During the course of discovery, Mollie Dunn asked State Farm to produce the documents State Farm and its attorneys prepared before Mollie Dunn filed suit. State Farm moved to quash Mollie Dunn’s subpoena asserting that some of the documents were privileged or were attorneys’ work product. Mollie Dunn argued that she is entitled to all factual information contained in the documents. The magistrate found that several of these documents were prepared while State Farm’s attorneys were advising State Farm on the Dunn’s claim. The magistrate reasoned that the attorneys were acting as investigators in the normal course of business of an insurer, and, therefore, the documents were not the result of an attorney’s work product in the sense of that term making work product immune from discovery.
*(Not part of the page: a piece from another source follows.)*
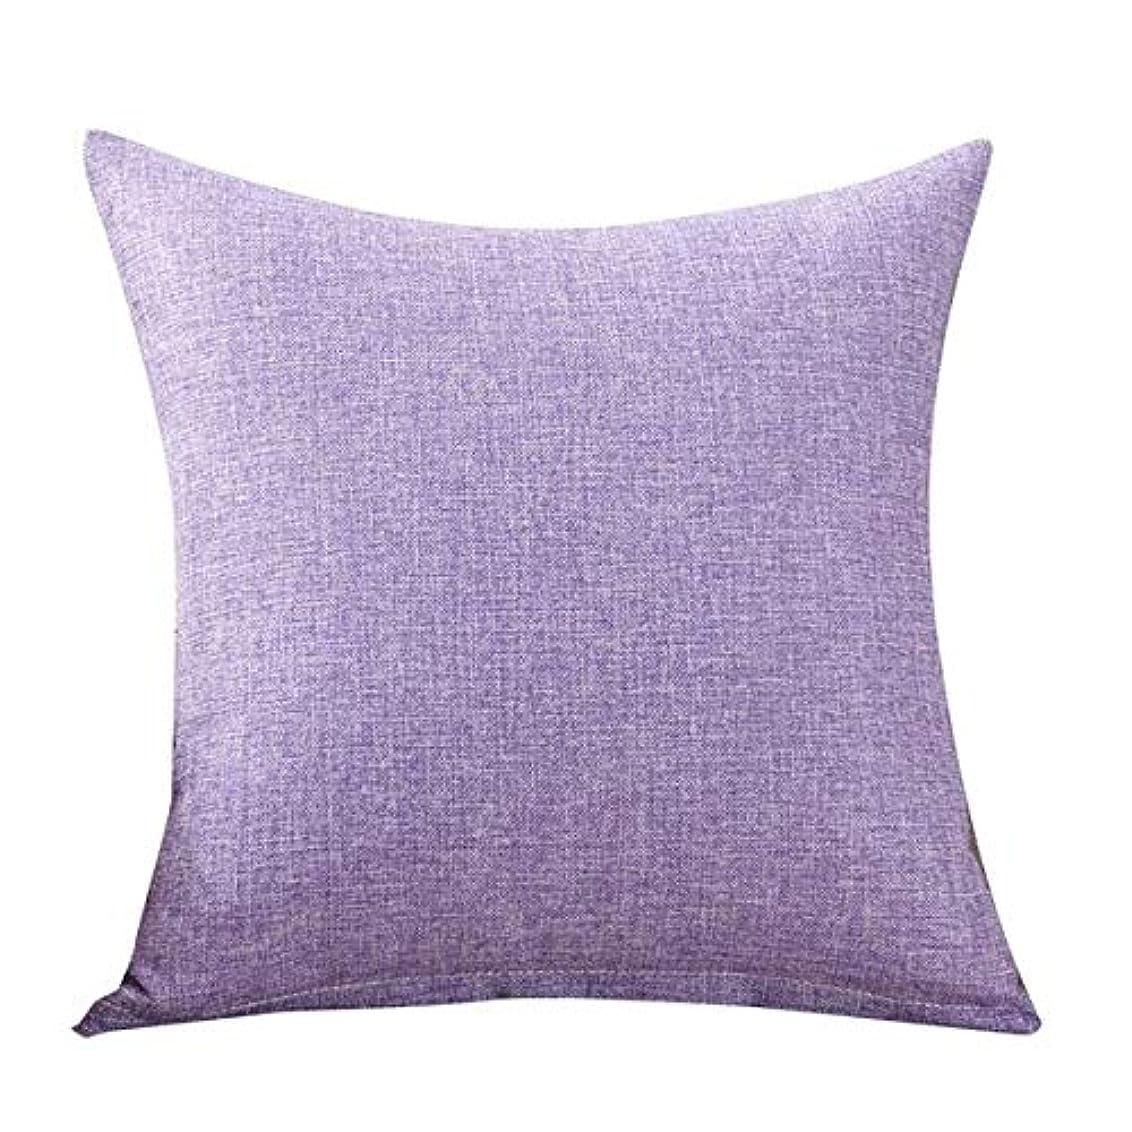 ミネラル感度感度LIFE クリエイティブシンプルなファッションスロー枕クッションカフェソファクッションのホームインテリア z0403# G20 クッション 椅子

After reaching this conclusion, the magistrate struck portions of the documents which contained legal advice and opinions and or[509]*509dered State Farm to produce most of the documents. State Farm appealed the magistrate’s ruling and the issue before the court concerns the breadth of the attorney-client privilege and the work product doctrine.

II.

The attorney-client privilege protects communications made to an attorney by his client. The privilege exists to ensure a client fully informs his attorney and thus enables the attorney to provide sound legal advice. Upjohn Co. v. United States, 449 U.S. 383, 390, 101 S.Ct. 677, 683, 66 L.Ed.2d 584, 591 (1981). “Whenever legal advice of any kind is sought from a professional legal advisor, the communications relevant to that purpose made in confidence by the client are, at the instance of the client, permanently protected.” Wonneman v. Stratford Securities Co., 23 F.R.D. 281, 285 (S.D.N.Y.1959) (emphasis added) (quoted in Diversified Industries, Inc. v. Merideth, 572 F.2d 596, 602 (8th Cir.1977)). “The privilege only protects disclosure of communications; it does not protect disclosure of the underlying facts by those who communicated with the attorney____” Upjohn Co. v. United States, 449 U.S. at 395, 101 S.Ct. at 685, 66 L.Ed.2d at 595. Accordingly, the privilege only protects the manner, extent, and the occasion of the factual disclosure. Thus:

The client cannot be compelled to answer the question, ‘What did you say or write to the attorney?’ but may not refuse to disclose any relevant fact merely because he incorporated a statement into his communication to his attorney.

Philadelphia v. Westinghouse Electric Corp., 205 F.Supp. 830, 831 (E.D.Pa.1962) (quoted in Upjohn v. United States, supra).

“[Recognition that the privilege is essential to the lawyer’s role creates tension between the privilege and discovery which requires disclosure of relevant facts within the attorney’s knowledge.” In re LTV Securities Litigation, 89 F.R.D. 595, 600 (N.D.Texas 1981). In order to help relieve this tension, the attorney-client privilege “is construed no more broadly than is necessary to effectuate its purpose.” Supra.

Clients are entitled to expect attorneys to hold their communications in confidence even though the client asks his attorney to perform related, but not strictly professional, tasks. Thus, an attorney does not divorce himself from his profession by performing tasks other than giving legal advice and the client does not waive the privilege by asking the attorney to perform related work. In In re LTV Securities Litigation, 89 F.R.D. 595 (N.D.Texas 1981), the government sought documents which an attorney prepared while performing an investigative function. The government argued that the attorney prepared the documents in the normal course of business and concluded that the documents were not privileged. The court disagreed:

Information gathered in such a manner as to be privileged does not become discoverable solely because management makes business use of the information____ [The attorney] ... conducted [his] investigation with the purpose of using the findings as a foundation from which ‘to evaluate and draw conclusions as to the propriety of past actions and to make recommendations for possible future courses of action.’ See Diversified Industries, Inc. v. Merideth, 572 F.2d 596, 610 (8th Cir.1978). Moreover, while in-house accountants or lay investigators could have been employed to investigate the events in question, neither would have brought to bear the same training, skills and background necessary to make the professional independent analysis and legal recommendations sought by ... [the client].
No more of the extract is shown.